I was reminded during our vacation this past week, traits of
my husband’s personality that I normally over-look. I’m about to touch on some
of the highlights of our trip, and as always, I’ll be keeping it real.
Anna Ruby Falls was so majestic and amazing, however the 3,000 feet of
elevation during the climb was pure hell and I should have strapped an oxygen
mask to my face because I’m pretty sure in between the starting and stopping to
regain breath and air, I saw angels more than once; but they say in your last
moments, sometimes you tend to hallucinate, so it could have been that as well.
We visited another site called “The Gourd Place”. Now I
almost didn’t get to see this as my husband was convinced by the sign on the
side of the road, that we would find nothing but gourds hanging from poles;
well what a surprise he did find!
Part of this place was things collected over the years that
were made out of gourds, i.e.; banjos, ladles, horns, guitars, etc. But the
most amazing part of the building was designated to more modern
uses such as
dinnerware and candlestick holders that had been painted different colors and
were made to be dishwasher-safe.
I took a LOT of pictures and as all adventurous people like
myself are – we think there is nowhere that we can’t go to get “that perfect
shot”. I learned some new things about
my husband – mostly that he’s terrified of doing jail-time and he’s not about
to go up into any place that looks like you shouldn’t be there – even if there
are no signs saying that. At some point
I asked him, “I wonder what’s up there in that building” and his response was
“nothing that concerns you, covered in security cameras and protected by a SWAT
team ready to take you down if I drive you up there.”

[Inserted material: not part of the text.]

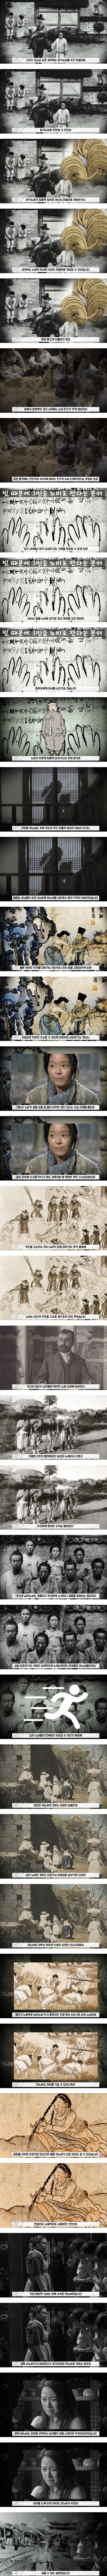 조선의 노비 문화

I would also hear “just another way to get your dang money –
aka tourist-trap” more than once, but the time we just about came to blows was over
the $5 parking required to park in town so you could stay all day, get out and
walk as well as shop til’ you drop. We wasted thirty minutes, $10 of gas and
spotted three tow-trucks before he decided paying to park was inevitable.
I will admit these types of vacations are kind of “girlie”
and that men are required to be extra patient. I’m sure he had to dig deep a
few times to rid the thoughts of gently bumping me off a mountain; if I heard
it one time I heard it twelve, “it sho is a looonnngg way down there”. I watch a lot of CSI, I know how these
“mishaps” can occur.
But I think he
enjoyed most of it as much as I did, maybe even enough to go back one day. Although
I tried to see everything, I missed the two Christmas shops that were closed
and I’m pretty sure I saw him secretly thanking Jesus for that narrow escape.